Musings from Isaiah 40-45: Our only hope for egocentrism and self-sufficiency


I’ve been sitting in a SS class on Isaiah for the last 8 weeks. This week, we looked at Is. 44-45. One of the beauties of Isaiah is that he doesn’t mince words. In the same book, in the same chapter he points out our sin, God’s judgment and yet also points to God’s saving power. We’d prefer to focus on grace but Isaiah tells us we need both. Thus far in the book we get the truth: God is holy, we are not. Our trust in ourselves, in our leaders, in our ability to capture God have utterly failed. We are blind, dumb and no better (maybe worse) than the enemies of God.

And then we get to chapter 40. Here, we begin to get very clear images of God’s gracious acts along with more doses of the truth:

40:1-2: Comfort, comfort my people, says your God. Speak tenderly to Jerusalem and proclaim to her that her hard service has been completed, that her sin has been pain for, that she has received from the Lord’s hand double for all her sins

40:6f …All men are like grass…the grass withers…but the word of our God stands for ever.

And what is that word? Vs. 10f tells us that he comes in power, he tends his flock, carries them, and gently leads them. he will not grow tired or weary. Even though we grow weary, thosw who hope in him will walk and not faint.

In chapter 41 we again see God’s power. The islands see his power and tremble. What has he done with that power? He has chosen and not rejected a people. What are we to do? Not fear even though a war rages around. Can we not fear? Not really. But the Lord himself (v. 14) will help us.

In chapter 42, God will no longer stand idly by but will, like a woman in childbirth, cry out as he makes them trust only in Him. Yes, he handed deaf and dumb over to be plundered. But why? Chapter 43 gives the answer: because there is only one savior who redeems, only one who can be trusted to save. Though we pass through the waters, this savior is with us. Even in our punishment we are not abandoned. The whole Gospel is summed up in 43:11:

I, even I, am the Lord, and apart from me there is no savior.

So, for our sakes, we are sent to Babylon. Why? So we forget our former glories and recognize that only God provides the water and the food. While we would consider this punishment a sign of rejection and hatred, chapter 44 shows us God’s heart for holiness includes grace–even for foolish folk who try to find their comfort and safety in human things.
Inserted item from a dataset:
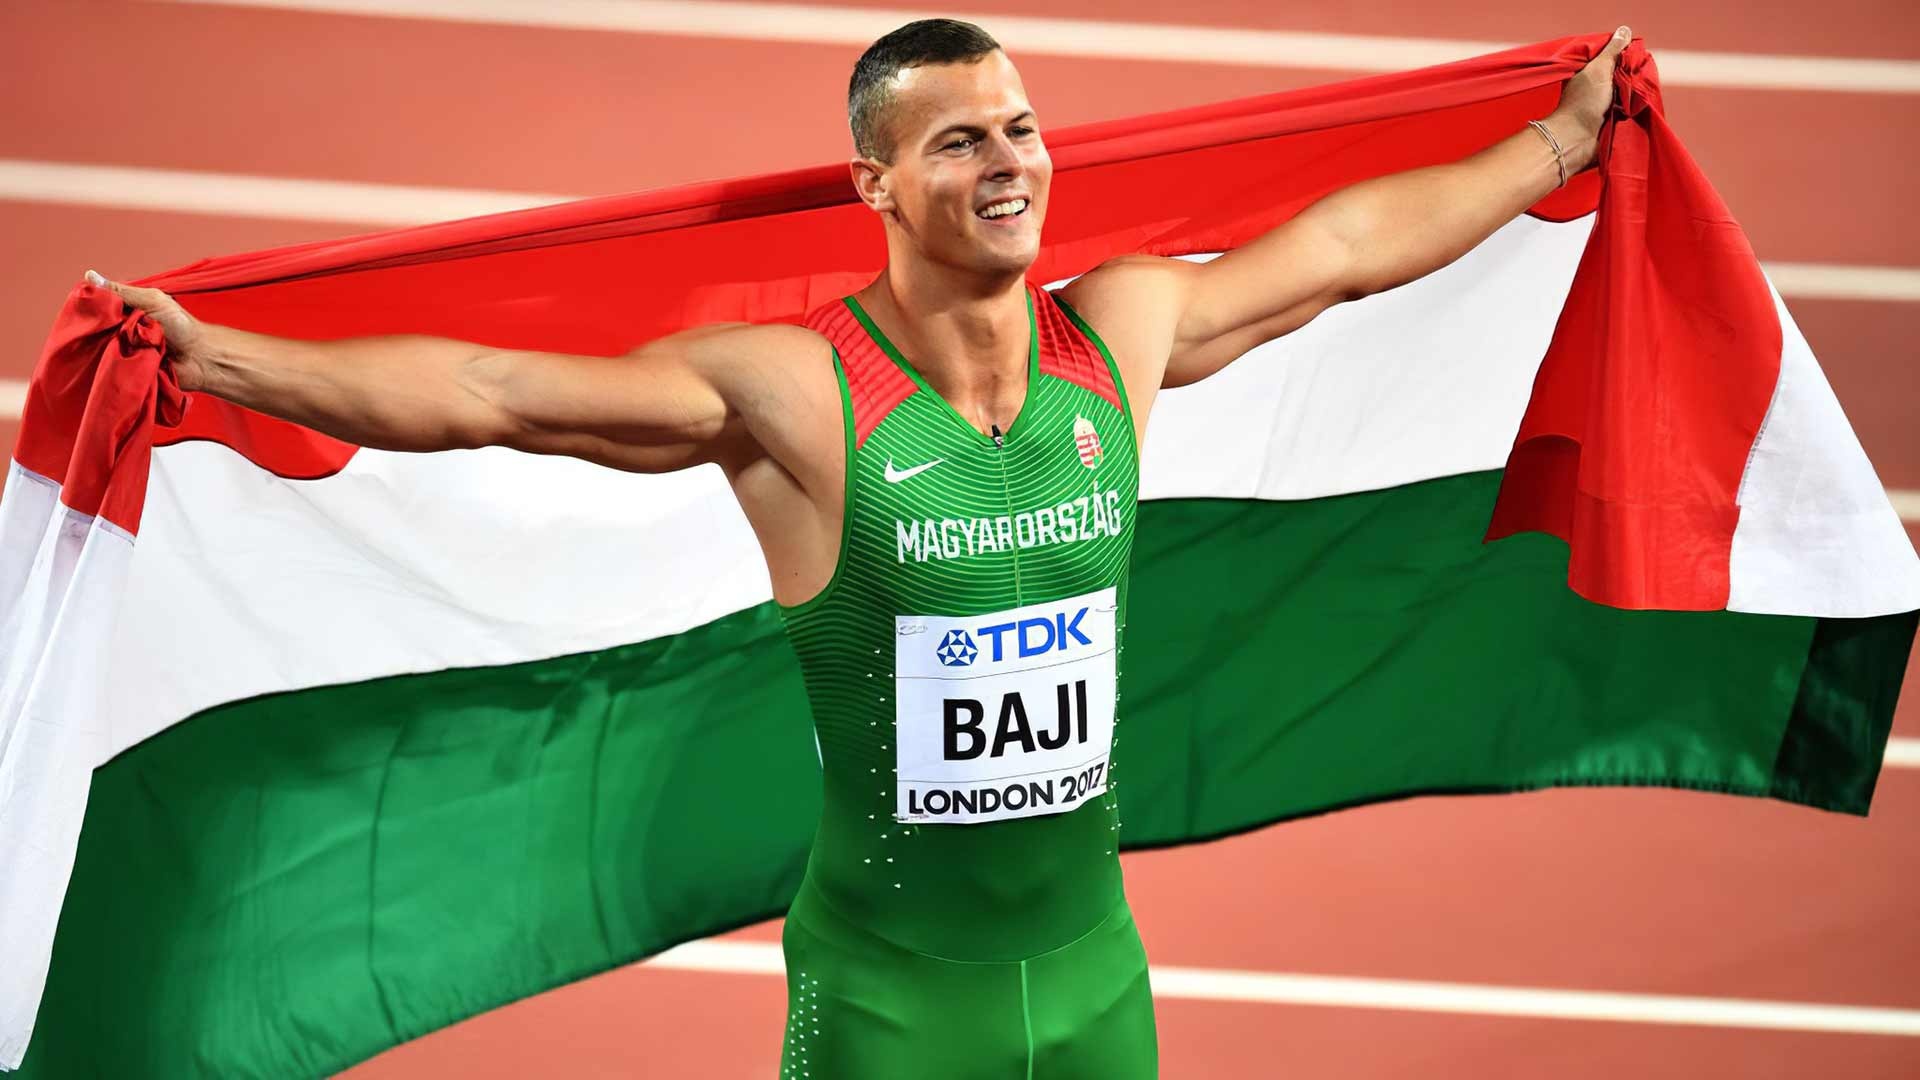 Balazs Baji, Hungarian para athlete, Magyar Parasport, National awareness, 1920x1080 Full HD Desktop

He says, “Remember…I have made you, you are my servant; O Israel, I will not forget you. I have swept away your offenses like a cloud, your sins like the morning mist. Return to me, for I have redeemed you” (v. 21-22).

Chapter 45 shows an amazing picture. God’s victory over sin is sure. He even uses pagans (Cyrus) for the sake of his people (notice even in the temple, they can take no pride in having been the one’s to build it). And at the end of the day our hope comes not from our ability to be righteous but in the Lord’s power to save: “They will say to me, ‘In the Lord alone are righteousness and strength.'” 

I encourage you to read these chapters (especially 44:8; 24-28; 45:1-25) to see where our redemption and hope come from. Avoid trying to apply each little verse but read it as it is: poetry. Look at the description of God’s people, of THE Servant, and of God himself. You will walk away with the overwhelming sense that God is holy, that he keeps his word, and that he is delivering us from ourselves for his own namesake. A good thing to read if you are downcast and worried about yourself. 

2 Comments

Filed under Biblical Reflection

2 responses to “Musings from Isaiah 40-45: Our only hope for egocentrism and self-sufficiency

  1. eclexia

    I love this section of Scripture. Isaiah 40 is one of my favorite chapters to read at Christmas. I love the picture of God coming to man in incredible power and incredible tenderness. And the rhetorical question, “How can you ask if God cares?” (I’m summarizing loosely as I don’t have the exact verses memorized) just seems the perfect prelude, full of expectancy, to read before the Gospel accounts of Immanuel, God with us, coming to earth as a baby. Thanks for reminding me of these chapters today.